Hi, I’m Michael Corayer and this is Psych Exam Review. In this video I want to go into more detail on pain perception.

In the last video on touch, I mentioned that in our skin we have these things called nocireceptors or nocicepters and these detect pain messages. These are present not just in our skin but in other areas of our body as well. They’re around our organs and our bones and they help to tell us when something’s wrong.

So you might think it would be great to have a pain-free life where you didn’t experience pain at all but actually this would be a very bad situation and there are people who are born with a congenital insensitivity to pain.

Unfortunately they tend not to live very long and this is because their injuries accumulate. They don’t realize that they’re hurting themselves in certain situations. For instance if you touch a hot stove you immediately pull your hand and it hurts but this is to change your behavior as quickly as possible because you’re causing damage to your hand and you don’t want to continue doing that.

You can imagine if you didn’t get that message you might worsen the burn that you’d get on your had. The same would apply to other situations, if you’re stretching a muscle you feel a point where it hurts and that tells you that’s where you should stop stretching it. But you can imagine if you didn’t get that message, you might continue stretching beyond the muscle’s capability and end up tearing it.

Or if you twisted your ankle let’s say and you’re walking. This hurts and this tells you that you need to rest and maybe take the weight off of that joint and allow it to heal. But if you didn’t get that pain message you might not even know there’s a problem and you’d continue trying to walk on it and you’d end up worsening the injury.

So this is what is really important. It also applies to things like infections. So when we get sick, we experiences some, usually some dull throbbing pain and this tells us that there’s an infection or that there’s something wrong and we need to rest, we need to recover or maybe we need to see a doctor and investigate this situation.

But pain is the important message that tells us to do that. So without pain we’d really have a difficult time knowing when we need to change our behavior. Although pain may be unpleasant, it’s a crucial, essential part of life.

Pain messages vary and they can be carried on different types of fibers so there’s two main pain receptor types. The first of these is A-delta fibers and A-delta fighters carry pain messages which are sharp intense kinds of pain. This is like the stabbing sort of pain that jolts you suddenly. So if you get a paper cut on your hand, it hurts very intensely, very quickly, it’s very fast. That type of message is carried on A-delta fibers.

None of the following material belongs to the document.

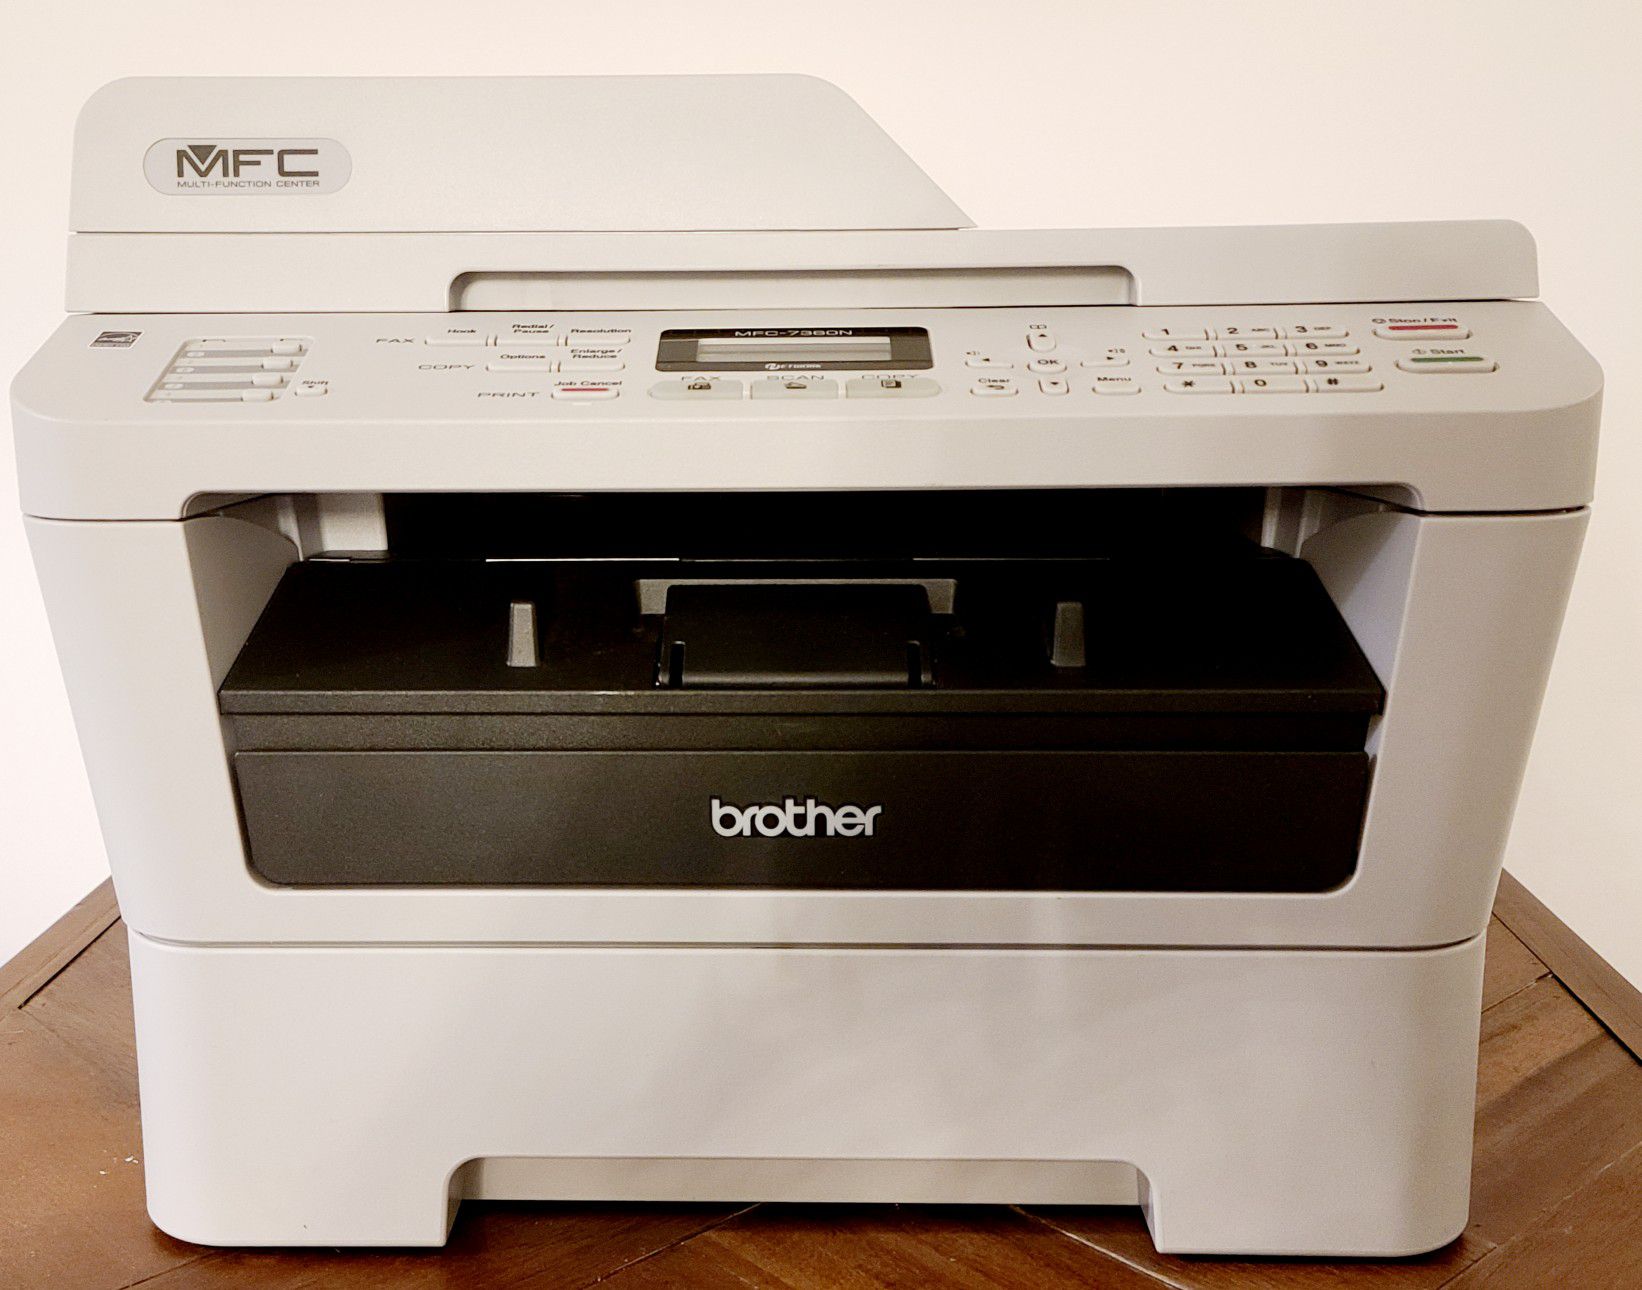 Brother MFC-7360N laser printer/scanner/fax
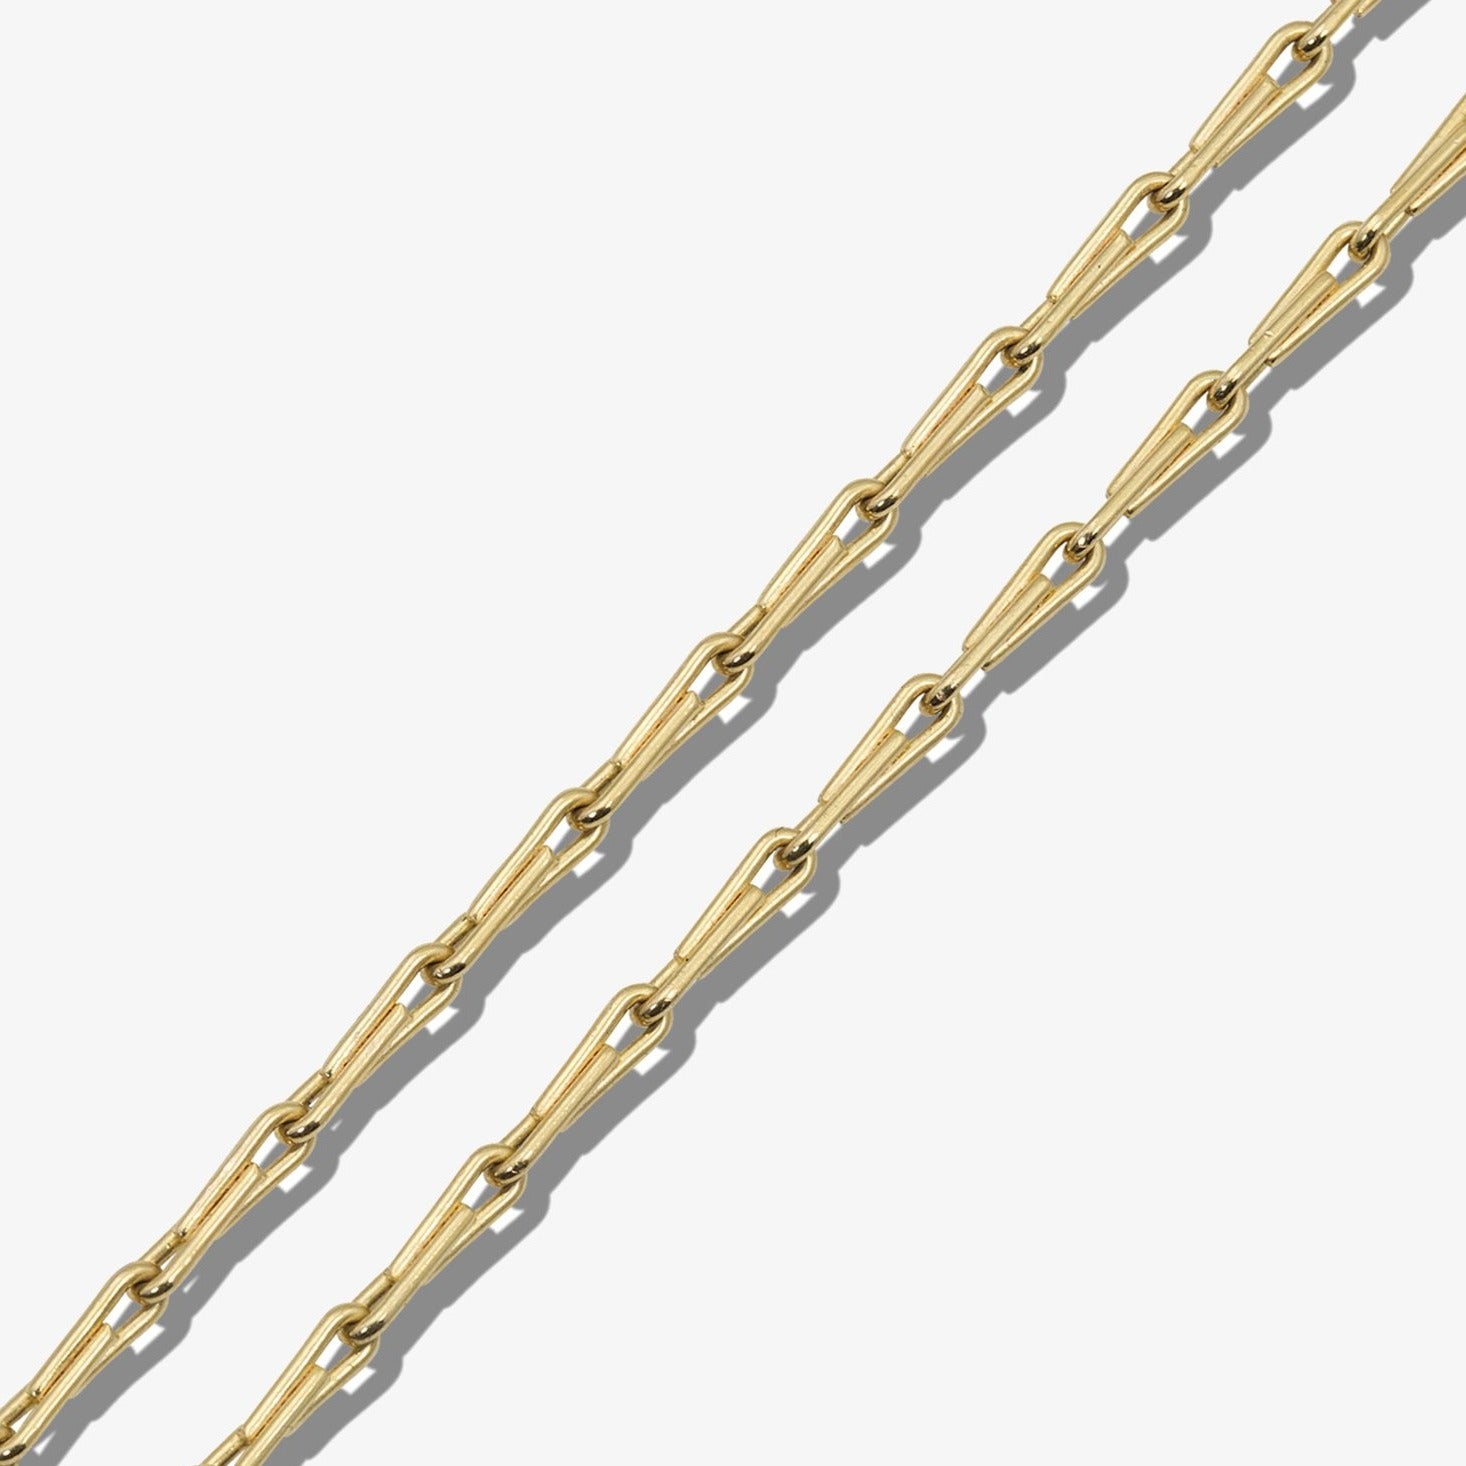 Sleek Chain, Lightweight

We also have a type of pain receptors called C-fibers. C-fibers carry a different type of pain, they carry the pain that’s a bit slower, it’s kind of a dull, throbbing pain so it’s less intense. but it’s usually longer lasting. Part of the reason this throbbing pain is slow and sort of dull is that it’s carried on unmyelinated fibers.

So C-fibers don’t have myelin on them. If you remember when we learned about neurons, we talked about the idea that myelin speeds up the messages that neurons can carry. In this case, C-fibers aren’t myelinated, so that means they’re going to convey their messages more slowly. So how can we remember the difference between A-delta fibers and C-fibers and the types of pain that they convey?

I have a silly mnemonic for you but hopefully it will help you. Let’s have two people here, not the most accurate looking people but OK let’s have this first person here experience some sharp intense pain. We’re going to do this by stabbing this person and we’re going to stab him with the sharp end of a letter A. See that, it’s a letter A being stabbed into this person and this would obviously cause very sharp intense pain and it would be carried on A-delta fibers. Hopefully that can help you to remember that.

Now over here we’ve got this guy with a mysteriously small head here, and we’re going to give him an aching pain, a dull throbbing pain in his shoulder. And we’re going to express that with this sort of radiating pain coming out of his shoulder. We’re going to draw that with a bunch of Cs. That will hopefully remind you that C-fibers are the ones that carry this dull, throbbing, aching type of pain.

There’s two other theories of pain that you should be familiar with. One of these you actually already know about, you just might not know what it’s called. This is called gate control theory.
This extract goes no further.